Based on water demand simulations, meteorological conditions, irrigation practices, and satellite images, the need for irrigation and the required water quantity for maximizing crop yield were forecasted.
Fertilization and spraying timings
Using the Delta-T algorithm based on temperature and relative humidity, the optimal time of day for fertilization and spraying was calculated to maximize the absorption of applied substances by the tomato plants.
ML models were created to predict the timeframe for conducting treatments based on local weather forecasts and the designated climatic zone.
Harvest estimation
Satellite imagery was also used for harvest estimation with the WOFOST algorithm, forecasting yield based on meteorological data, water availability, and NPK fertilizers.

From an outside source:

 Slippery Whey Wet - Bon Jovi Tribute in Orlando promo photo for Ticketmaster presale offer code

Video from cameras mounted on tomato harvesting machines was used to train the AI model for yield estimation. AI algorithms calculated the yield from a given geographical area and then compared it with indices from satellite images and results from the WOFOST algorithm.
Result
Agri Solutions developed a unique solution, exceeding the capabilities of comparable systems available on the global market, delivering measurable benefits including:
Cost reduction
Agros Nova has cut tomato growth costs by improving efficiency and reducing waste. Their system prevents overwatering and over-fertilization, detects pests and diseases early, and automates nutrient application. The Agri Solutions solution recommends fertilization and spraying within 24 hours using weather data and satellite imagery. Real-time crop monitoring reduces pest risks and minimizes manual labor and costs.
Increased productivity
Agros Nova has boosted crop productivity with the new system. Optimized fertilization and irrigation deliver higher yields from the same acreage and improve crop quality, including increased dry mass and lycopene levels. This enables consistent, high-quality produce for contractors and processing plants.

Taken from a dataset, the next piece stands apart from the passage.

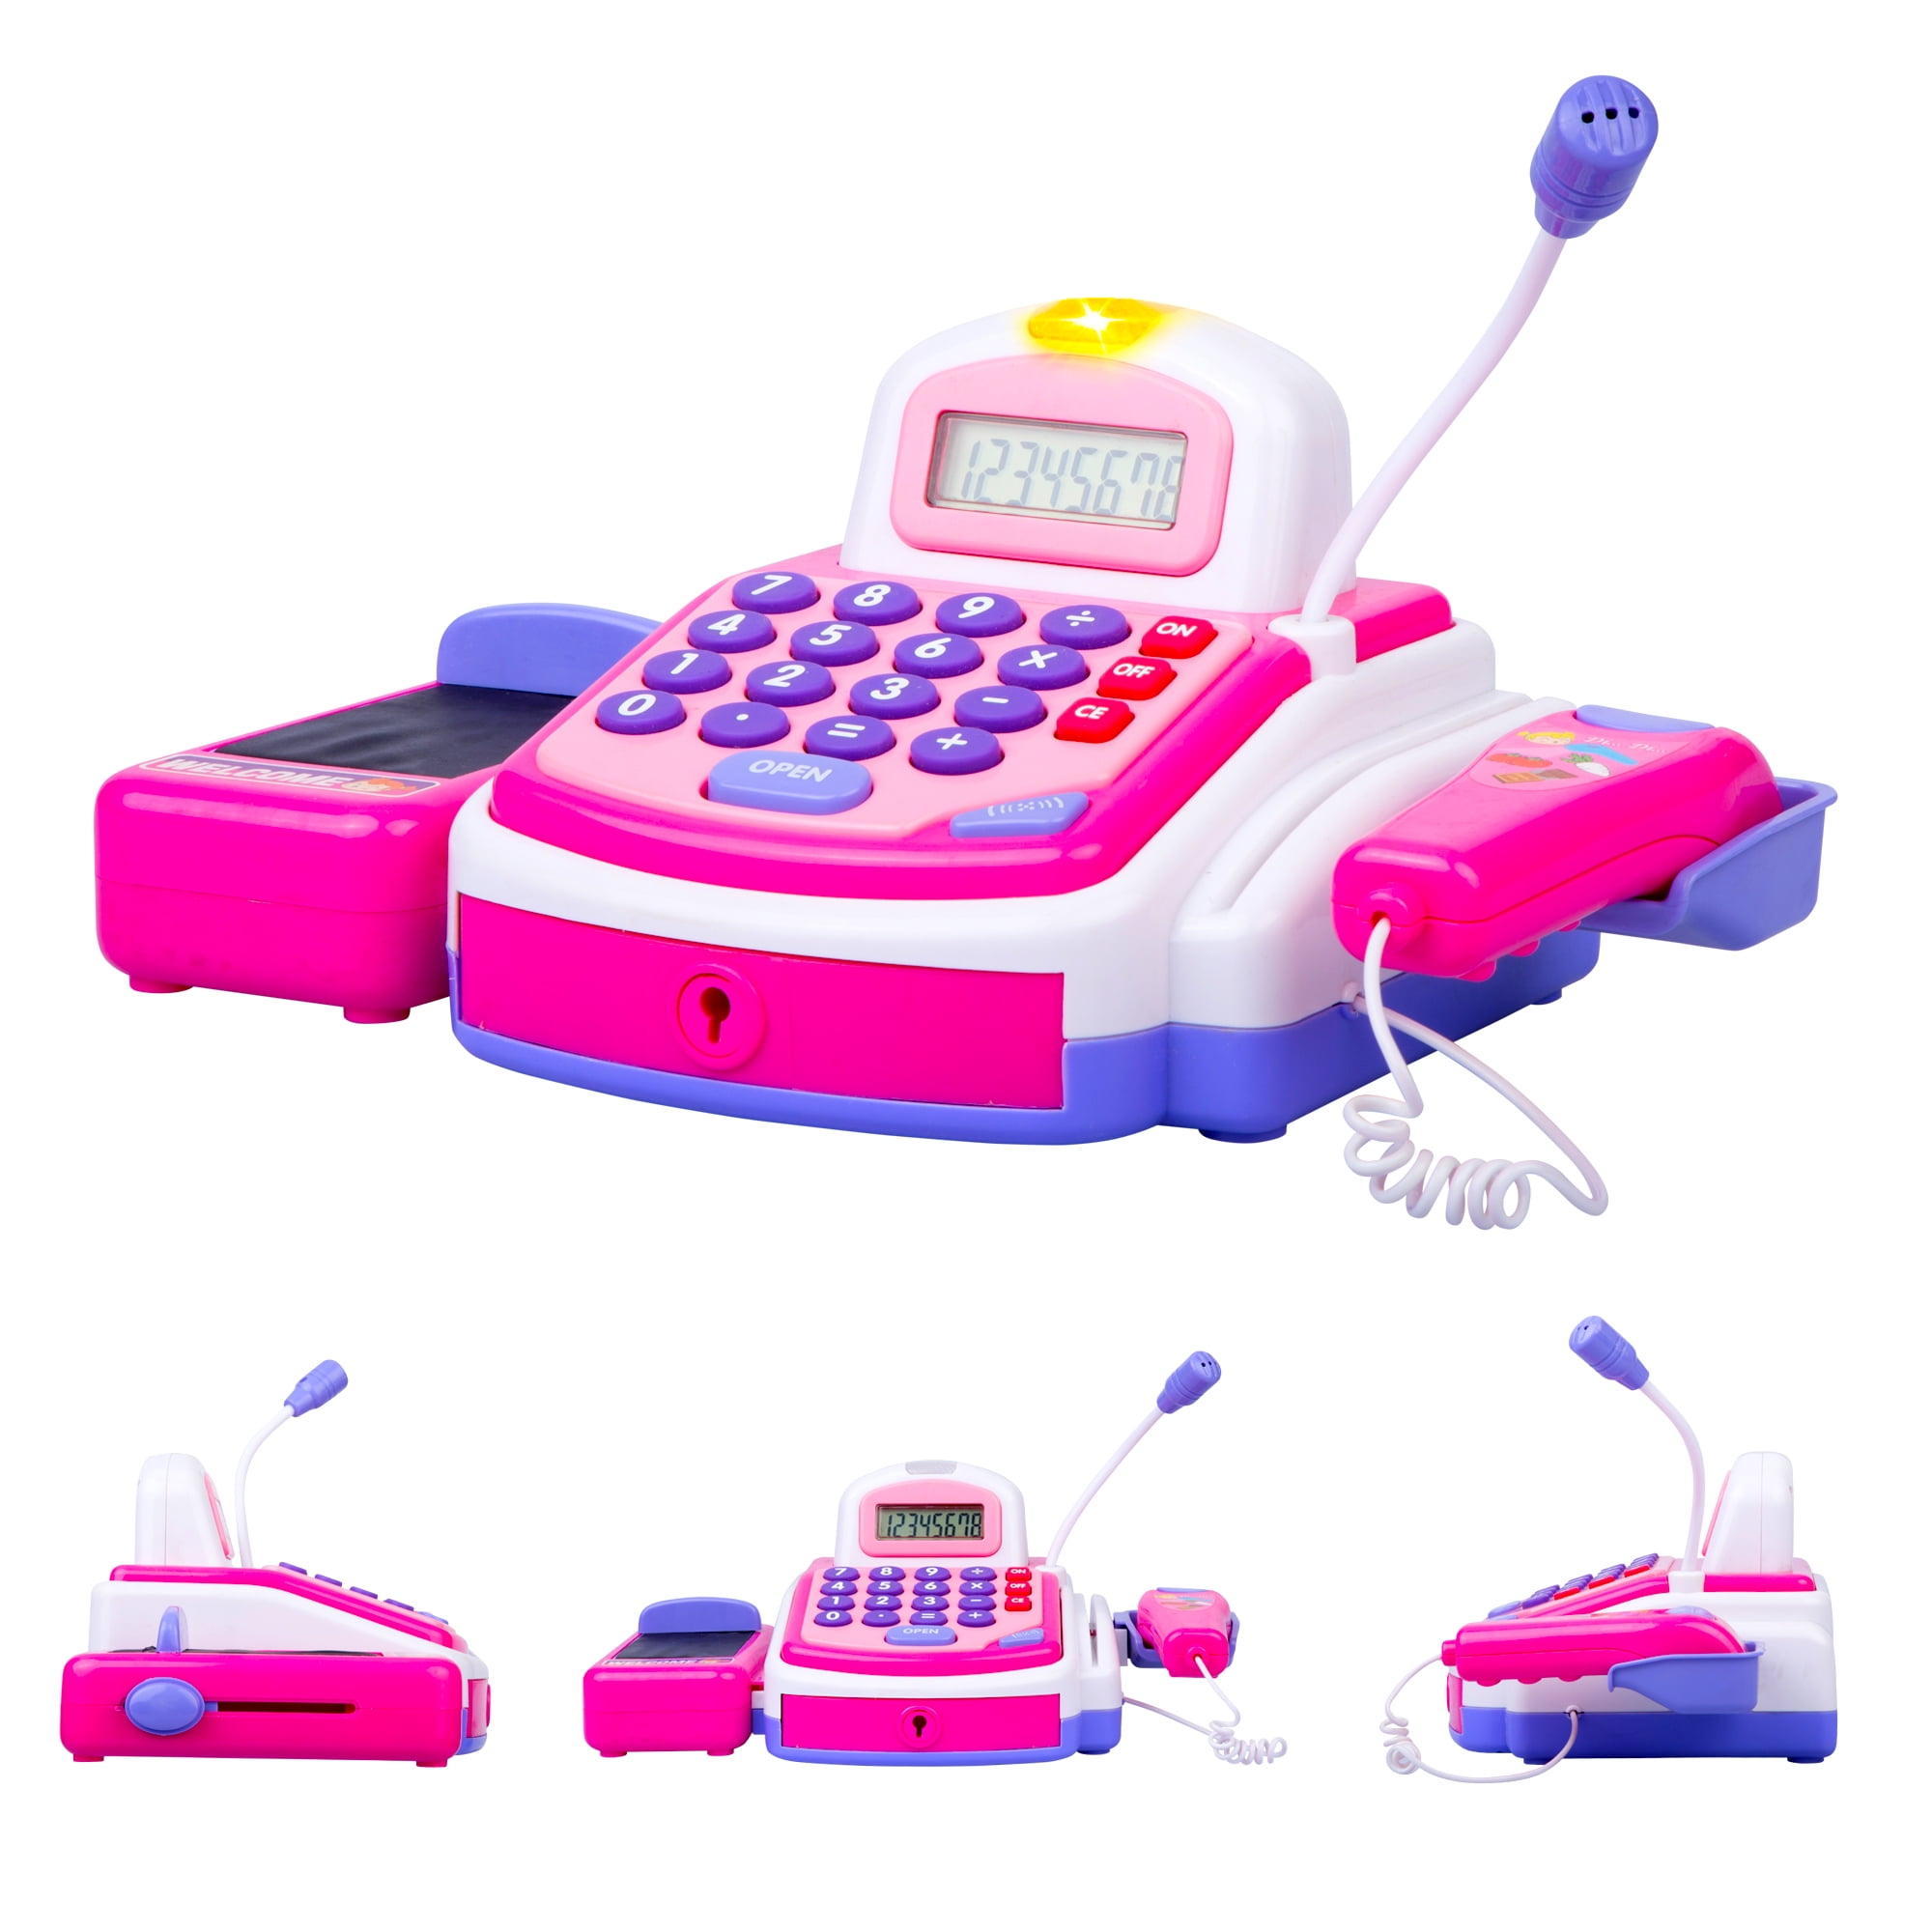 Pretend Play Toys Kid Cash Register for Kids Children Junlucki Cash Register Toy Pink

Improved strategic capabilities
The new system uses AI and machine learning to optimize planting strategies by revealing key correlations between variables. Agri Solutions's solution analyzes large datasets, enabling faster, more accurate decisions. It provides over 95% accuracy in assessing plant nutrition and automatically translates insights into crop management actions to maximize yield per acre.

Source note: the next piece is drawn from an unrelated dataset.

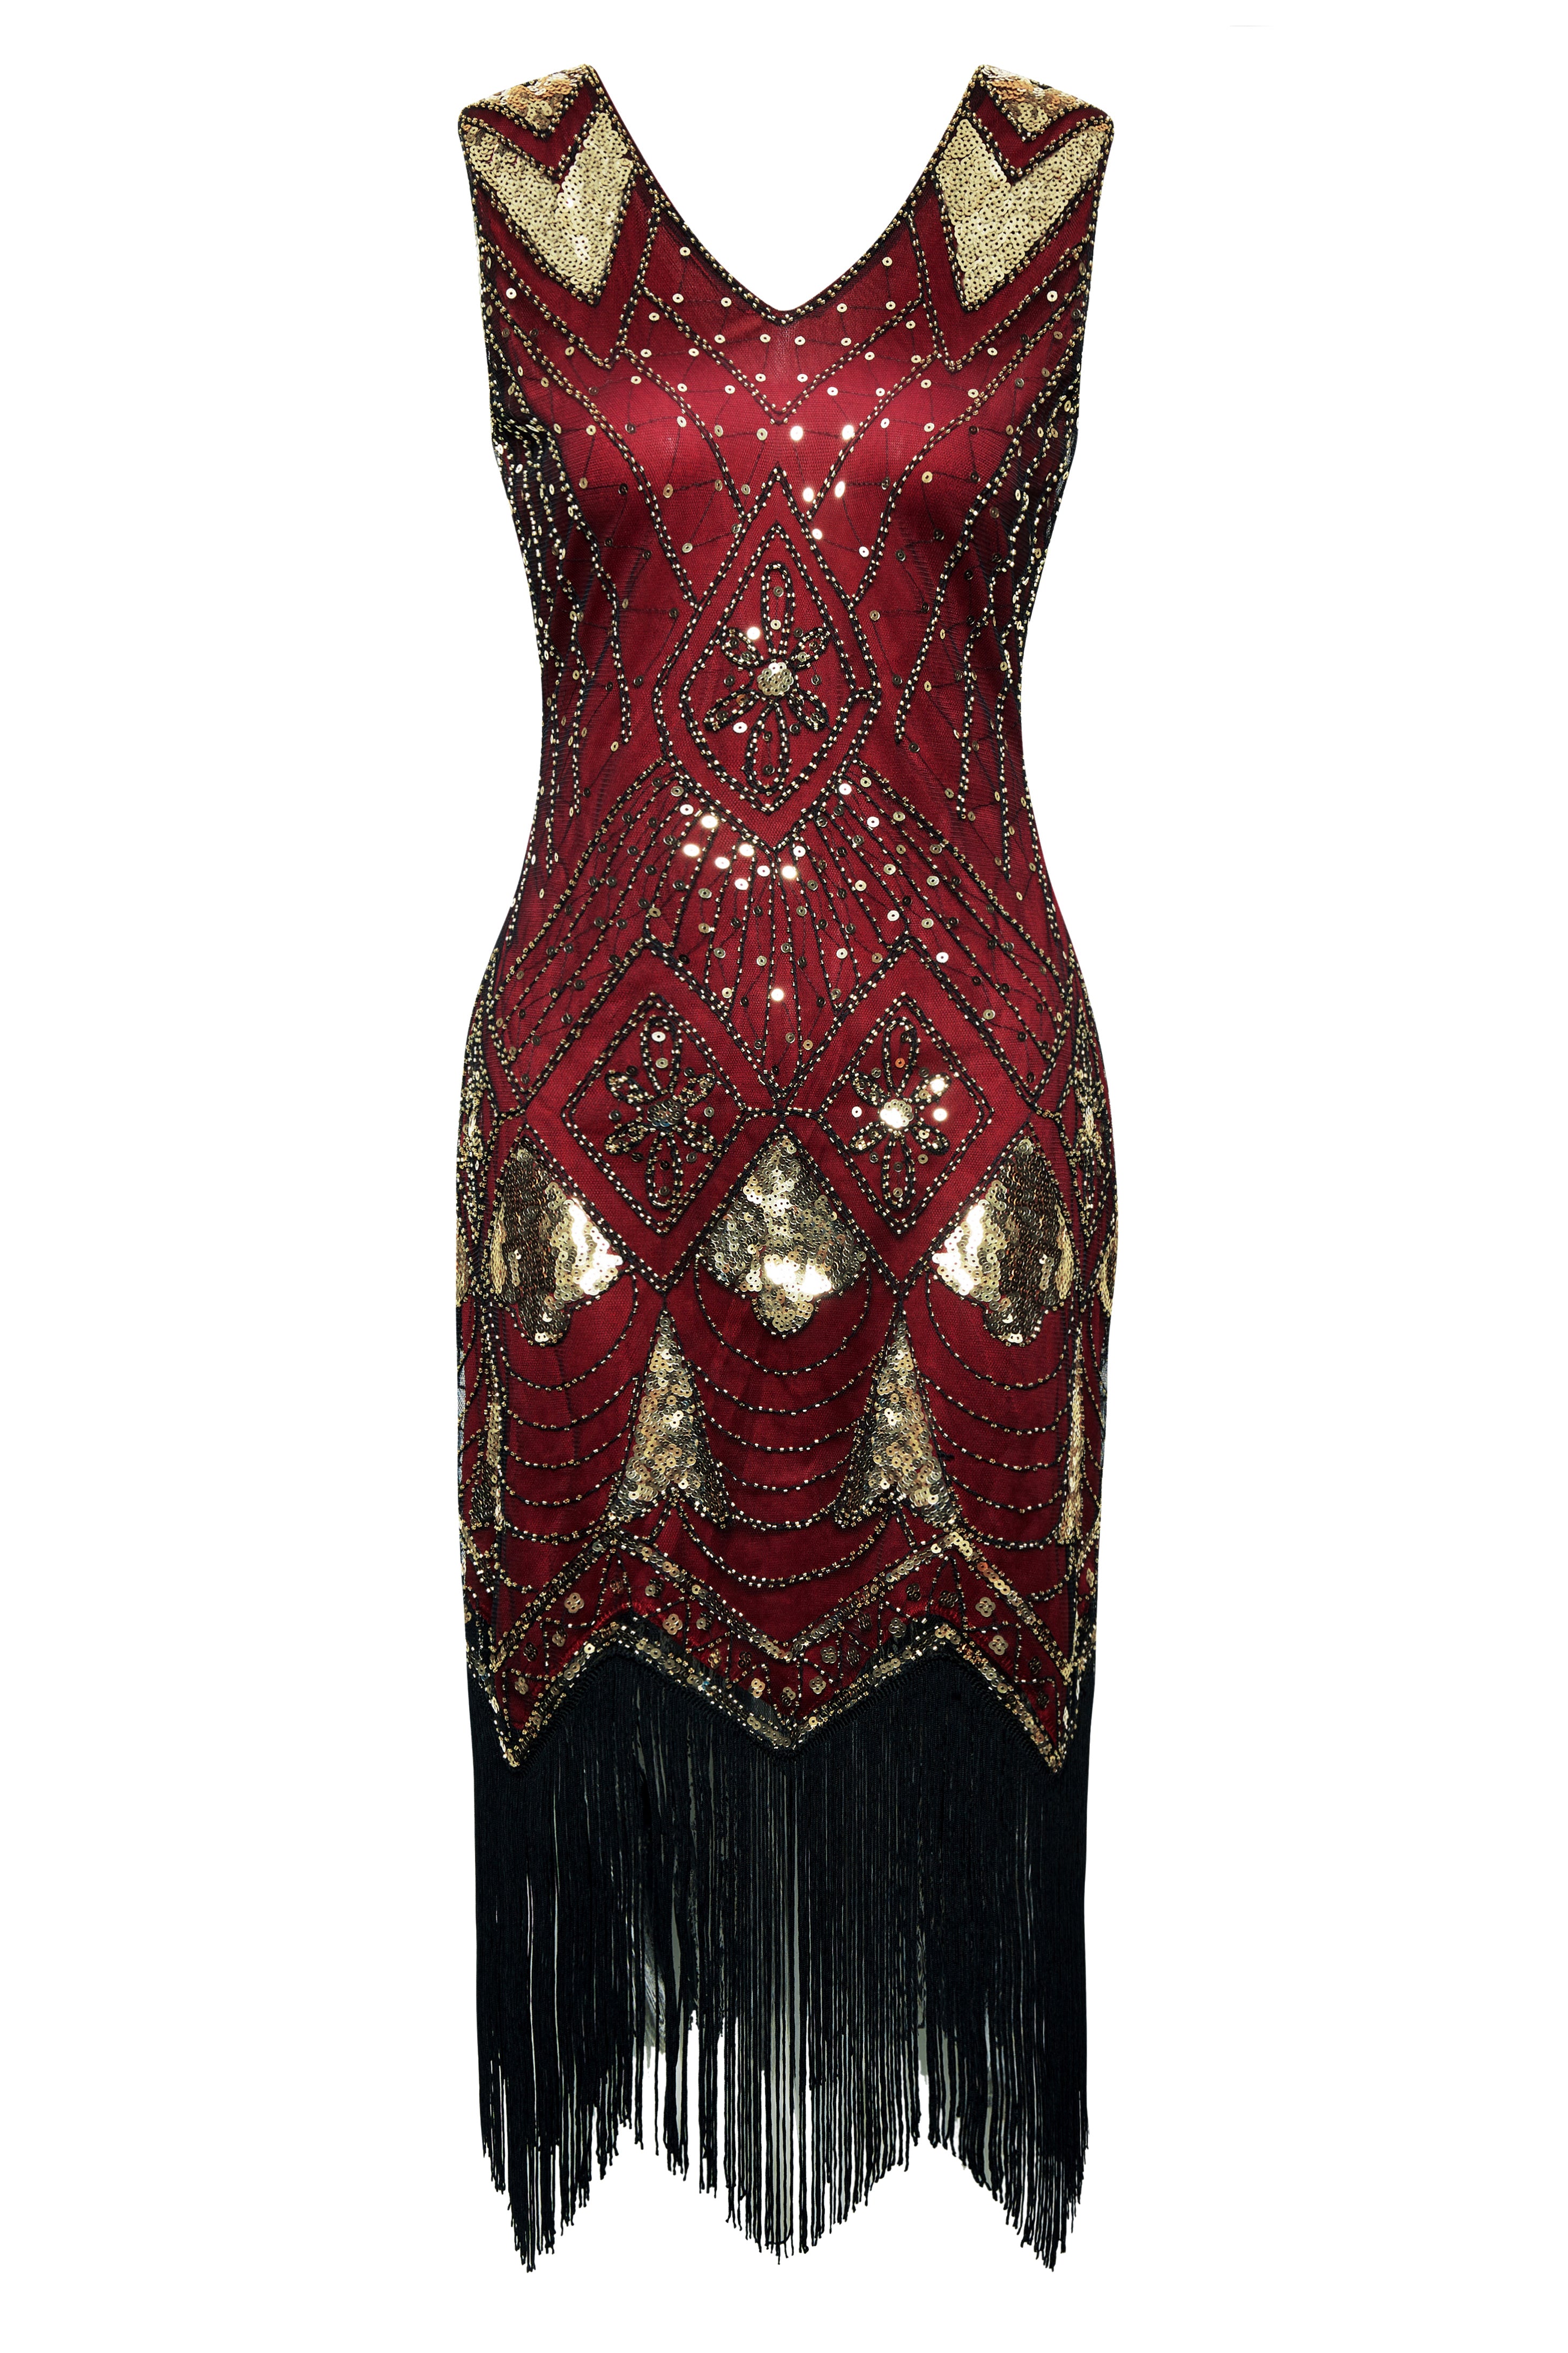 Shop 1920s Dresses - Sequin Beaded Bodycon Dress | BABEYOND

Ease of implementation and scalability
The IT system and algorithm run in the cloud, ensuring access from anywhere. Cloud deployment enhances scalability, simplifies maintenance and updates, and significantly lowers costs.
IoT implementation
The system enables seamless cooperation between various IoT devices, like soil moisture sensors. An intermediate software layer integrates different drivers into a single virtual controller, allowing the system to consistently recognize and interact with hardware in a uniform way.
Unique
No other product today offers the same functionality, capabilities, or transformative possibilities. Agri Solutions’s solution has great potential for using the generated artificial intelligence and imaging algorithms to support the production of other plants, plantation crops, or forest monitoring.